Ataki niedźwiedzi na Słowacji: Rząd planuje drastyczne środki!
Atak niedźwiedzia na Słowacji prowadzi do poszukiwań matki: rząd planuje zabić 350 niedźwiedzi brunatnych dla bezpieczeństwa publicznego.

Ataki niedźwiedzi na Słowacji: Rząd planuje drastyczne środki!

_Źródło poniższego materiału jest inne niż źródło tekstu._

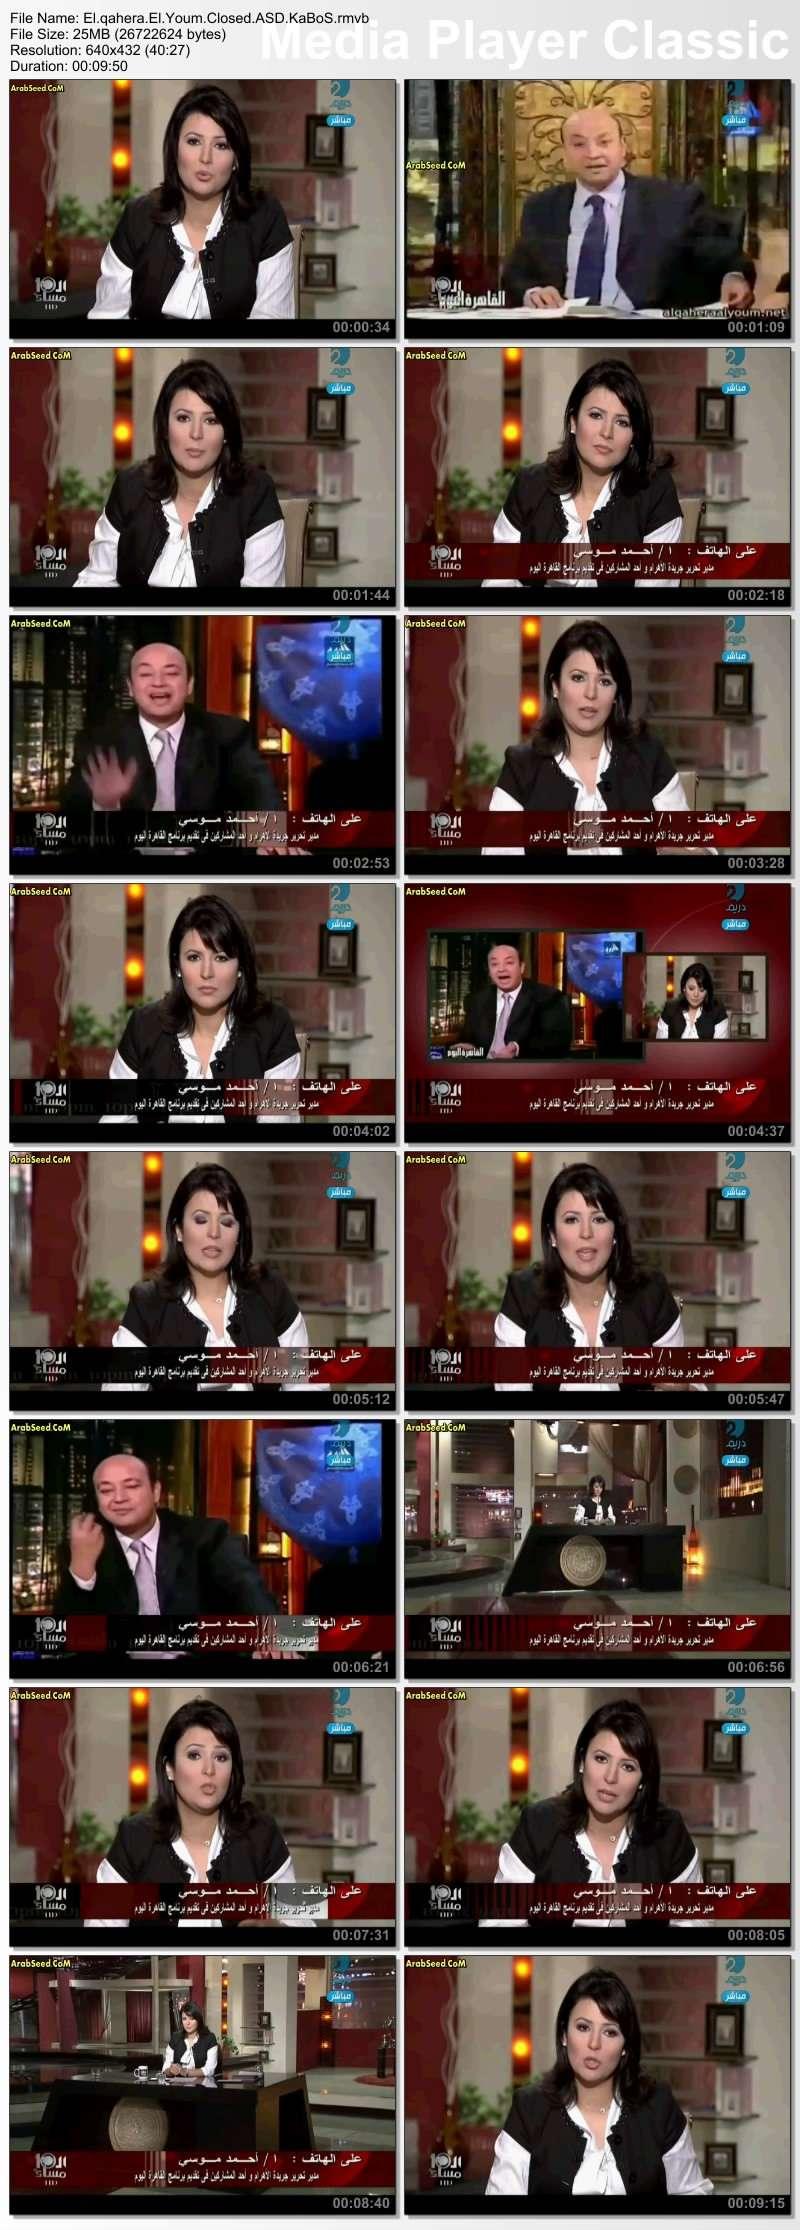 حصريا السر وراء غلق القاهرة اليوم و عدم ظهور عمرو اديب بجوده عاليه تحميل مباشر  Thumbs43

Na Słowacji nasilają się konflikty między ludźmi a niedźwiedziami, co doprowadziło do znacznego wzrostu liczby ataków niedźwiedzi. Dokładnie dzisiaj, 24 maja 2025 r., podczas wędrówki niedźwiedź zaatakował mężczyznę i wymagał hospitalizacji. Incydenty te niepokoją ludność, szczególnie w regionach takich jak Liptowski Mikułasz na północy Słowacji, gdzie pięć osób otrzymało już pomoc medyczną po podobnych atakach. W związku z tym władze lokalne zmobilizowały zespół operacji specjalnych i myśliwych, aby znaleźć niedźwiedzicę, która może być odpowiedzialna za atak. Poszukiwania prowadzone są przy użyciu dronów i kamer termowizyjnych. Lokalna administracja zwróciła się do ludności, aby na razie unikała obszaru wokół dotkniętego obszaru przedsiębiorstwa. Według Kleine Zeitung szacuje się, że na Słowacji żyje około 1200 dzikich niedźwiedzi, które zwykle unikają ludzi.
Jednak niebezpieczne spotkania się zdarzają, zwłaszcza gdy niedźwiedzice chronią swoje młode. W ostatnich latach niektóre takie starcia zakończyły się śmiercią. Ostatnie raporty wykazały, że liczba spotkań ludzi z niedźwiedziami wzrosła z 650 w 2020 r. do około 1900 w 2024 r. Wzrost liczby tych incydentów skłonił rząd premiera Roberta Fico do podjęcia drastycznych kroków. Fico podkreśla, że bezpieczeństwo obywateli jest najwyższym priorytetem, co uzasadnia wprowadzenie przez rząd środków mających na celu polowanie na „problematyczne niedźwiedzie”. Dopiero w kwietniu 2025 roku podjęto decyzję o odstrzeleniu aż 350 tych niedźwiedzi, podczas gdy przy wsparciu wojska zabito już 23 niedźwiedzie. W tym kontekście organizacje ekologiczne krytykują takie podejście jako nieproporcjonalne, ponieważ niedźwiedź brunatny jest na Słowacji chroniony przez cały rok.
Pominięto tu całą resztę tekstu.